Help! My database is broken. What should I do?

Source: Internet
Author: User
Document directory
  • Don't panic
  • Do not separate databases
  • Do not restart the Database Service
  • Do not rush to run REPAIR
  • Run integrity check
  • Root Cause Analysis

Database File Corruption may be the biggest headache for DBAs. In this article, I will explain some operations that should not be performed on databases when database files are damaged, then, we will explain some operations that should be performed based on the actual situation to help you solve this problem.

How do I determine file corruption?

It is easy to determine whether the file is damaged. When a query accesses an invalid page number, the query will end with a high severity error. Jobs that back up and rebuild indexes will fail.
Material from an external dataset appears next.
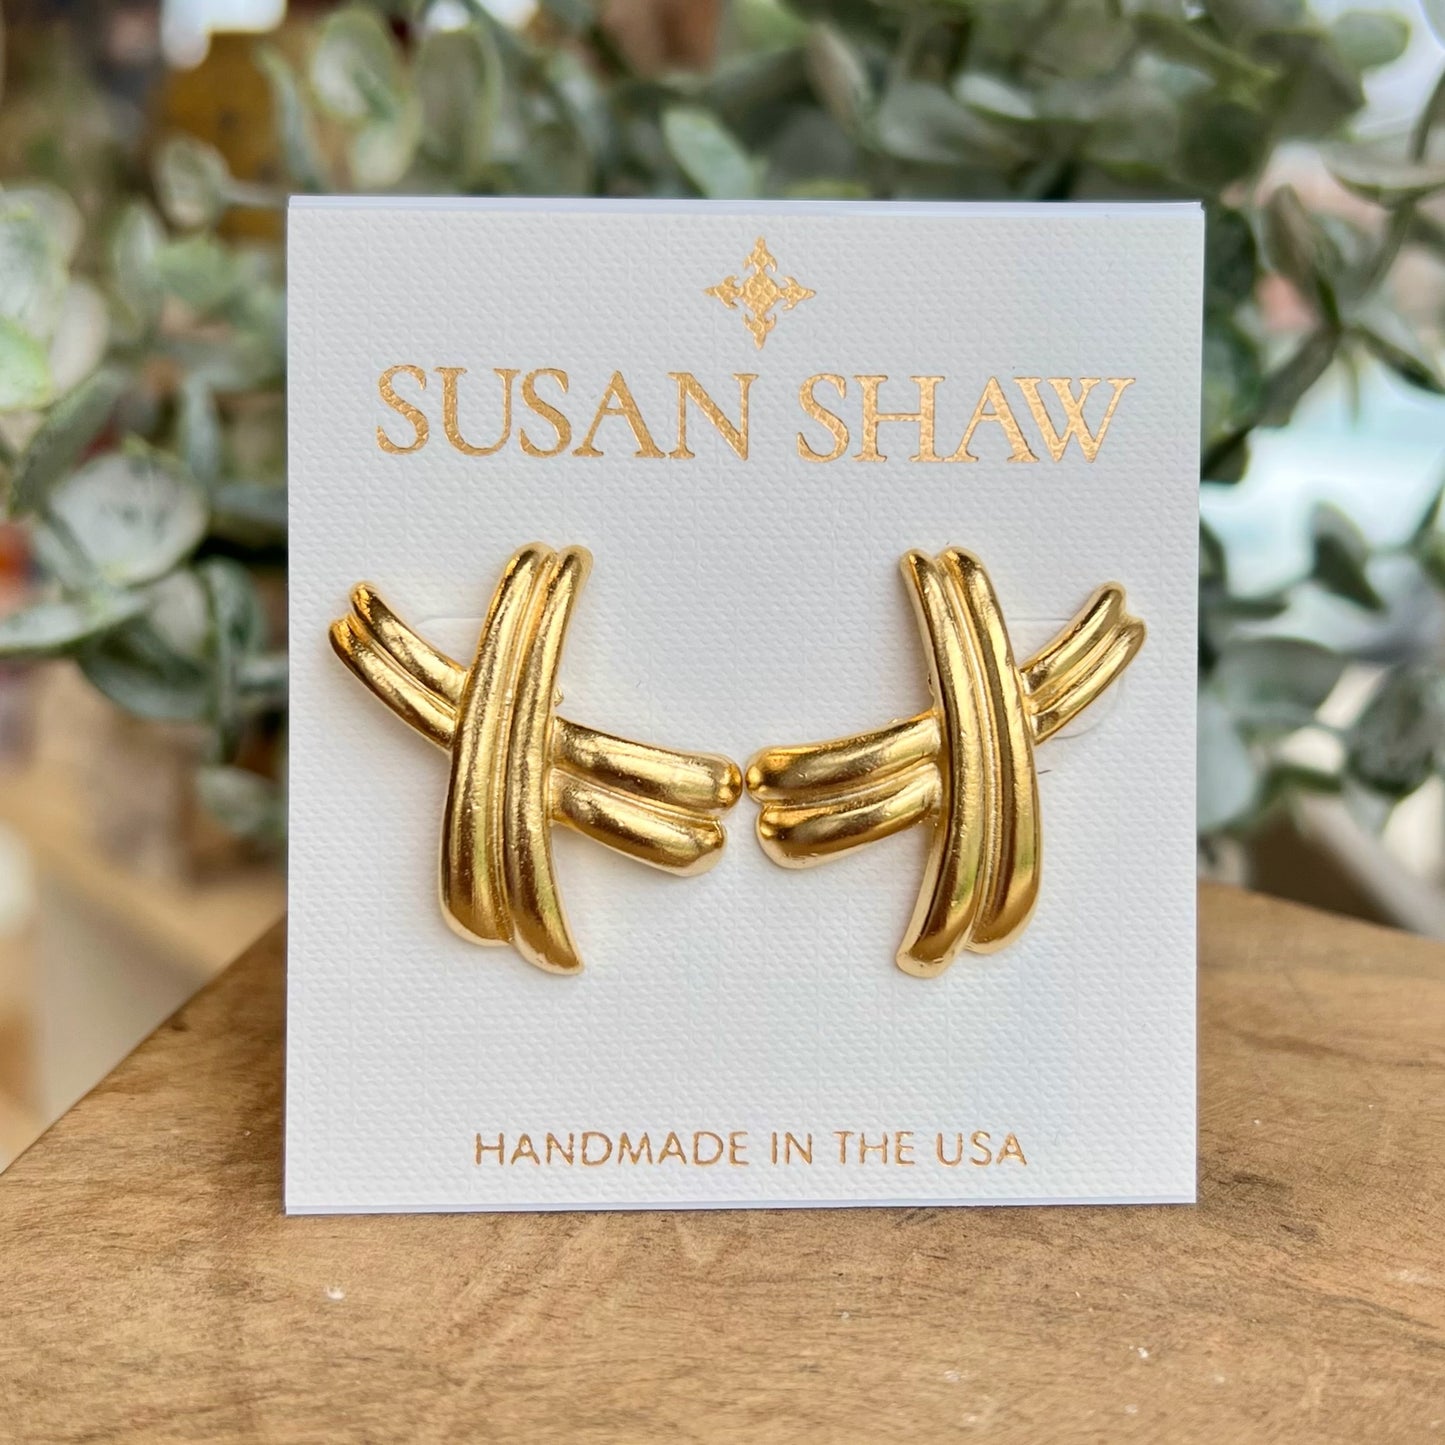 Susan Shaw Gold X Studs Earring

Some typical error messages are as follows:

SQL Server detected a logical consistency-based I/O error: incorrect checksum (expected: 0xfdff74c9; actual: 0xfdff74cb ). it occurred during a read of page (1: 69965) in database ID 13 at offset 0x0000002229a000 in file 'd: \ Develop \ Databases \ Broken1.mdf '.
Attempt to fetch logical page 1: 69965 in database 13 failed. It belongs to allocation unit 72057594049069056 not to 281474980642816.

 

The more terrible thing is that if there is no regular integrity check, the error may exist in hours, days, or even last month, and the subsequent problems will be difficult to solve.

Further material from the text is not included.